昭和60年、東京。痴情のもつれから、マンションの一室で放火殺人が発生する。逮捕された池松律子(松本まりか)と、死亡した小説家・君塚公平(松下洸平)は幼なじみだった。事件を担当する検事・津田口(柿澤勇人)の取り調べにも、どこか浮遊しているような態度でするりとかわす律子。保険金目当てで殺したと言い張る律子だが、真意がつかみ切れない津田口は律子がこれまで関わってきた男たちを調べ始める。
放火殺人容疑で逮捕された律子。彼女の両親もまた火事で亡くなっていることに着眼した津田口は、当時12歳だった律子を引き取った叔父の行島道夫(宇野祥平)に会いに行く。多くを語りたがらない行島だが、追及していくにつれ律子と行島の本当の関係を知る津田口。一方、律子の故郷・青森から刑事・村上姫昌(加治将樹)が検察にやって来る。捜査協力で資料を届けに来たという彼は、実は律子のもうひとりの幼なじみだった。
律子と公平のもうひとりの幼なじみ・村上の話を聞く津田口。幼いころからずっと一緒だった3人。彼らの父親たちは民謡一座を組み津軽で人気を博した一方、律子の父・喜平(塚原大助)の粗暴な態度が原因で人間関係は複雑だった。律子の両親の死後、一度は疎遠になるも村上は律子に想いをはせ続けた。そして10年後、村上は東京で風俗店に勤める律子と再会し、一緒に暮らすことに。しかし、幸せな生活は長く続かなかった――。
津田口による懸命な取り調べを経て、閉ざしていた口をついに開き始めた律子。
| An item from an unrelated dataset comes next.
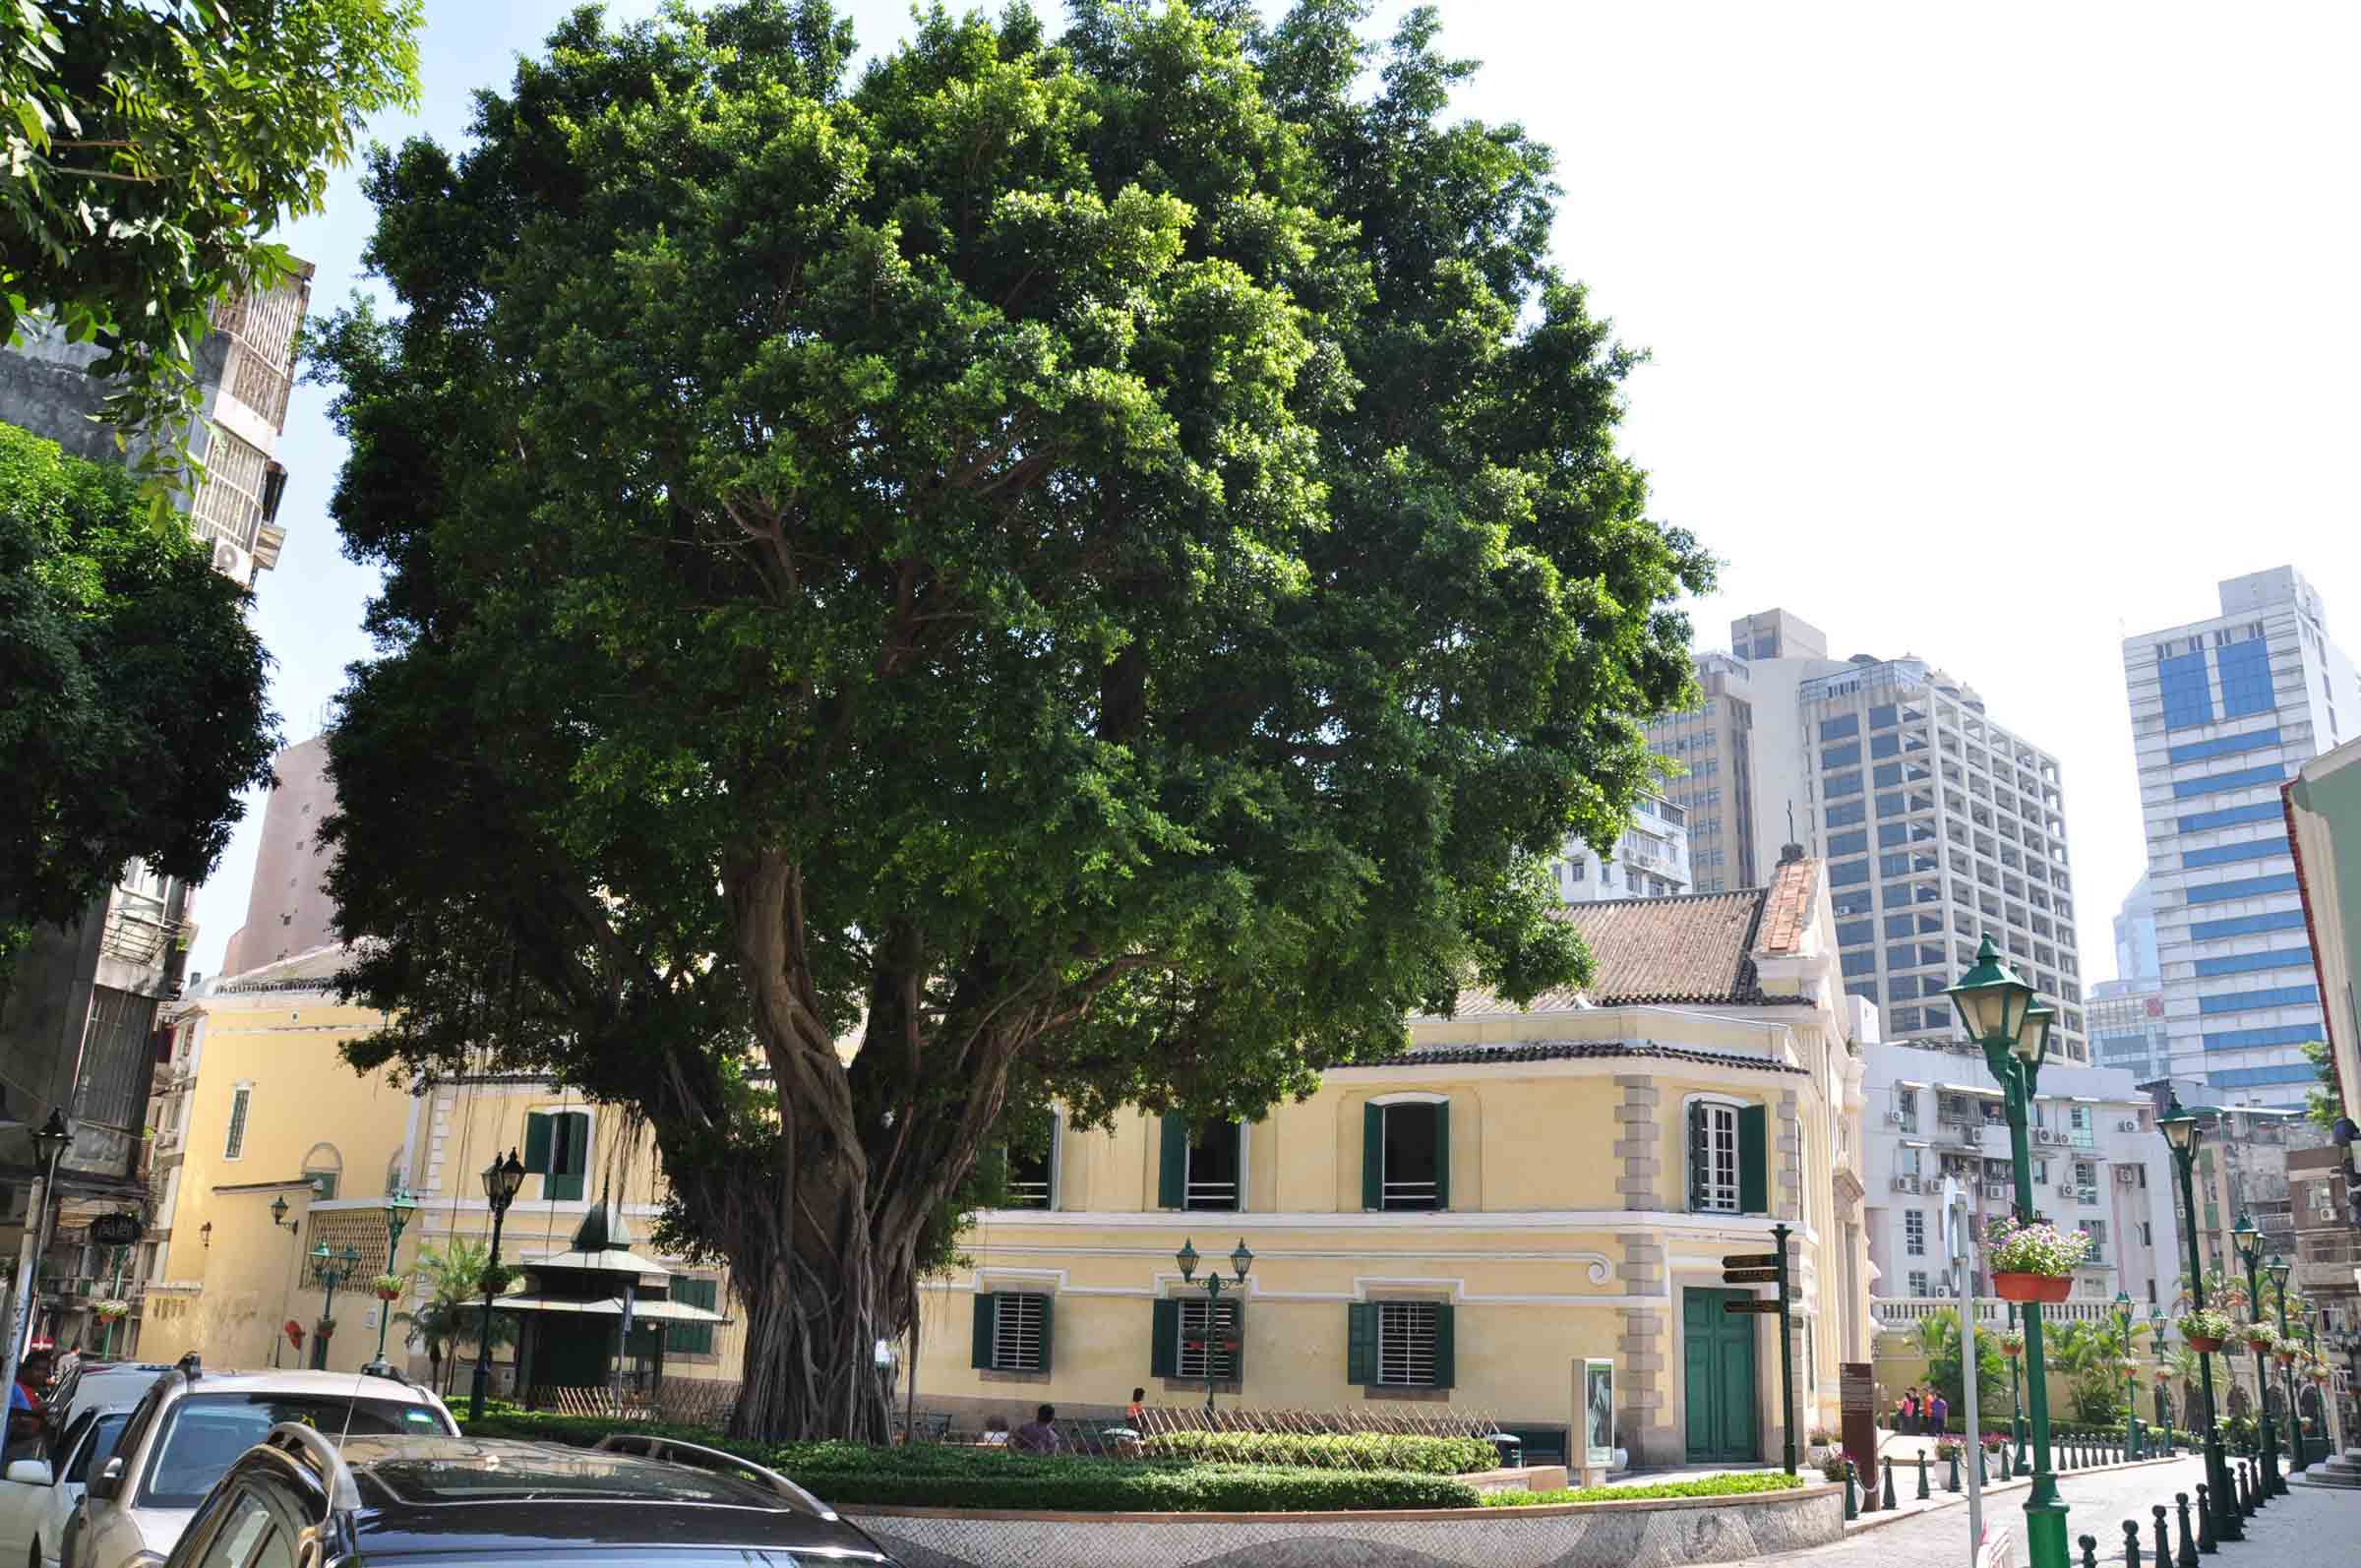 Macau World Heritage Site: St. Augustine's Square

彼女の両親の死の真相とそこに関わるすべての人が20年以上にわたって封印してきた因縁、そして時を経て再会を果たした幼なじみ・公平の死の真相が明らかとなる――。律子の人生に関わり、彼女のさまざまな素顔を見てきた男たち……。村上、行島、京波、山之内が傍聴席で見守る中、池松律子の運命を左右する裁判は始まる。